Turner bought St. Phillips in 1979, both to capture a piece of the Lowcountry he loved and to save it from development. “When I was a young boy living in Savannah, the Atlantic coastline was still largely wild and untouched,” Turner says. “So, when I purchased St. Phillips Island, I voluntarily attached a conservation easement to the deed so that the land could never be turned into a cookie-cutter golf course resort.”

Turner carved out a handful of trails for exploring the island, built a beach cottage and a caretaker’s house overlooking the ocean, and began an effort to essentially turn back time for the island’s animal population.
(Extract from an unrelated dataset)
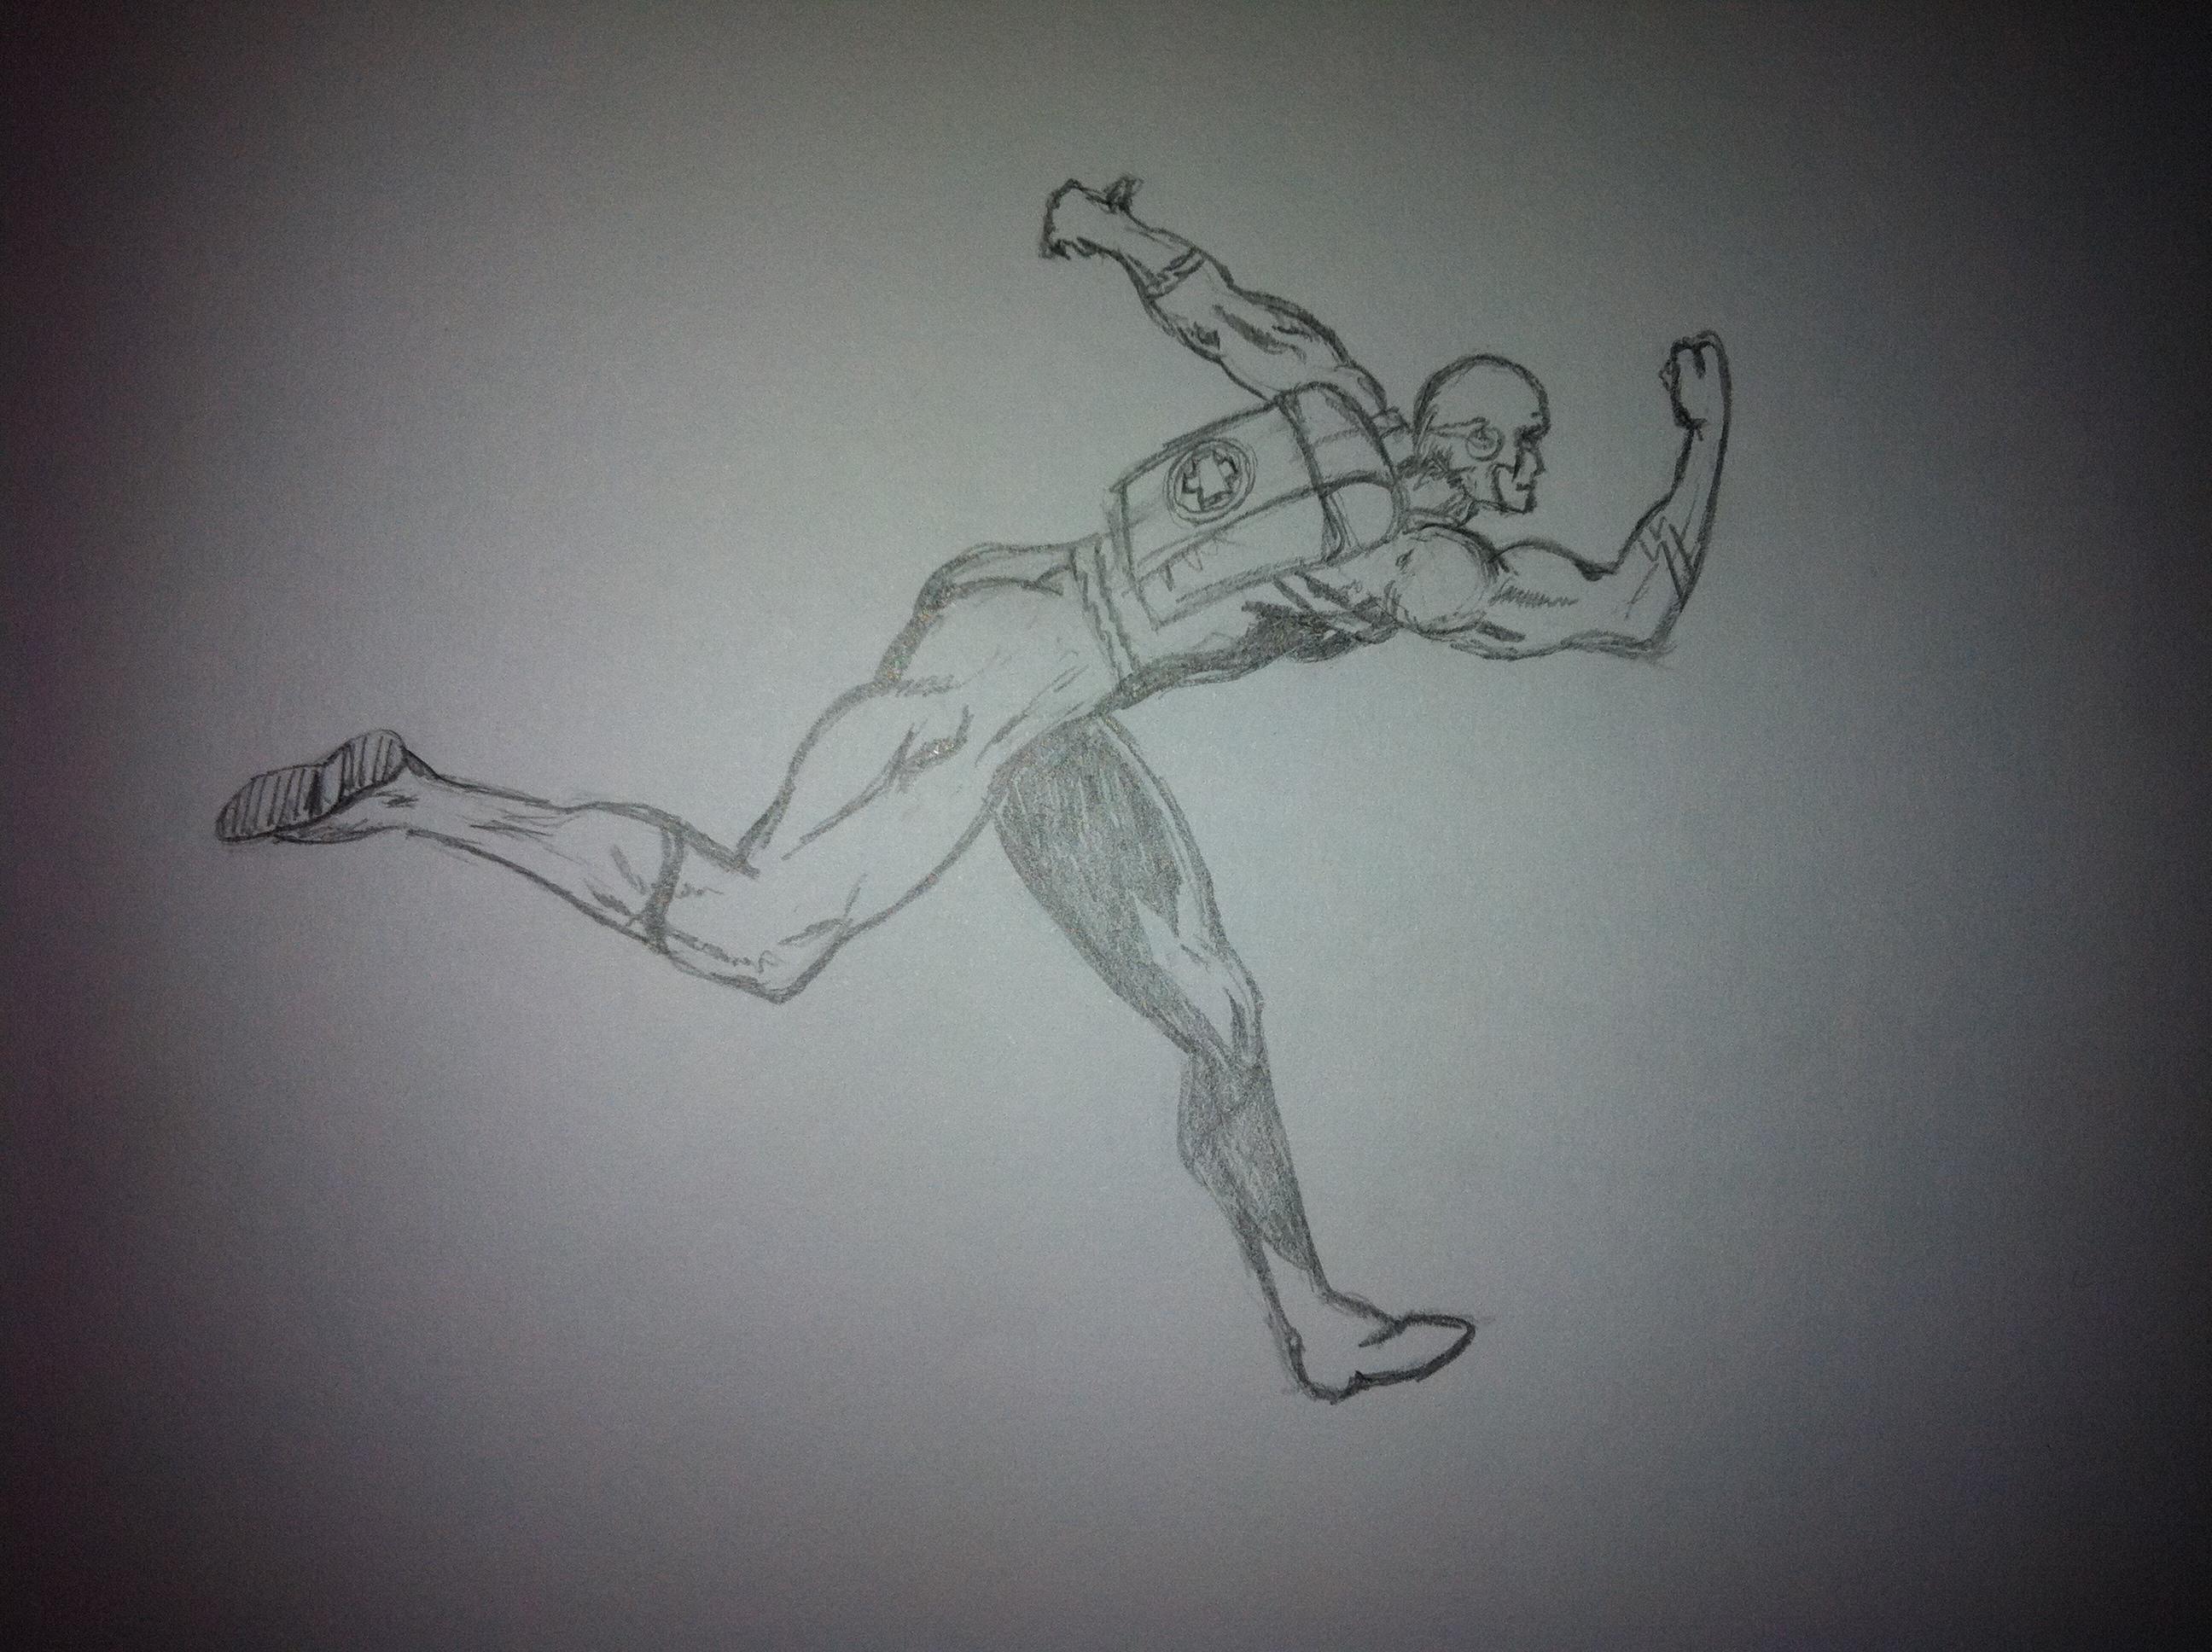 Sketch page number 1

After eradicating aggressive feral hogs, he restored the habitats of imperiled fox squirrels, Eastern indigo snakes, and loggerhead turtles that had disappeared as development encroached nearby.
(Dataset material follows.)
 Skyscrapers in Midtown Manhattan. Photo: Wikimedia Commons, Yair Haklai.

As time passed, however, Turner and his family visited less frequently and eventually decided it was time to sell St. Phillips, but only “to someone who would appreciate it as much as we did,” Turner says. That someone turned out to be the state of South Carolina, which acquired the property at a fraction of its appraised value to add to Hunting Island State Park.

Photo: Kelli Boyd

Pristine beach.

Gaines and his team worked methodically to create a plan for people to enjoy the island without degrading its raw and rugged character. The first phase of that plan began this fall, with limited tours traveling by boat down the Story River to the dock on St. Phillips. From there, a rambling tram ride crosses through a dense maritime forest and a rare ancient dune system. Alligators watch from sloughs while beefy black fox squirrels dart across longleaf pines. Old-growth magnolias, some seventy feet tall, twist up past Spanish moss–draped oaks, and bald eagles and ospreys fly overhead. The four-mile jaunt ends with an interpretive hike with a ranger, and then lunch in the Turner house and a walk out to the beach, where flocks of Wilson’s plovers dart across the sand, and fat sheepshead and speckled trout swim just past the waves.

Photo: Kelli Boyd

An osprey takes flight.

After a break for winter, the public tours will resume in the spring, with overnight stays in the Turner house envisioned in the year after that. “We want to spark curiosity with these treasures,” Gaines says. “Ideally, people will go home and want to know more. And if you know more, you’ll care more about what we’ve all been entrusted with.”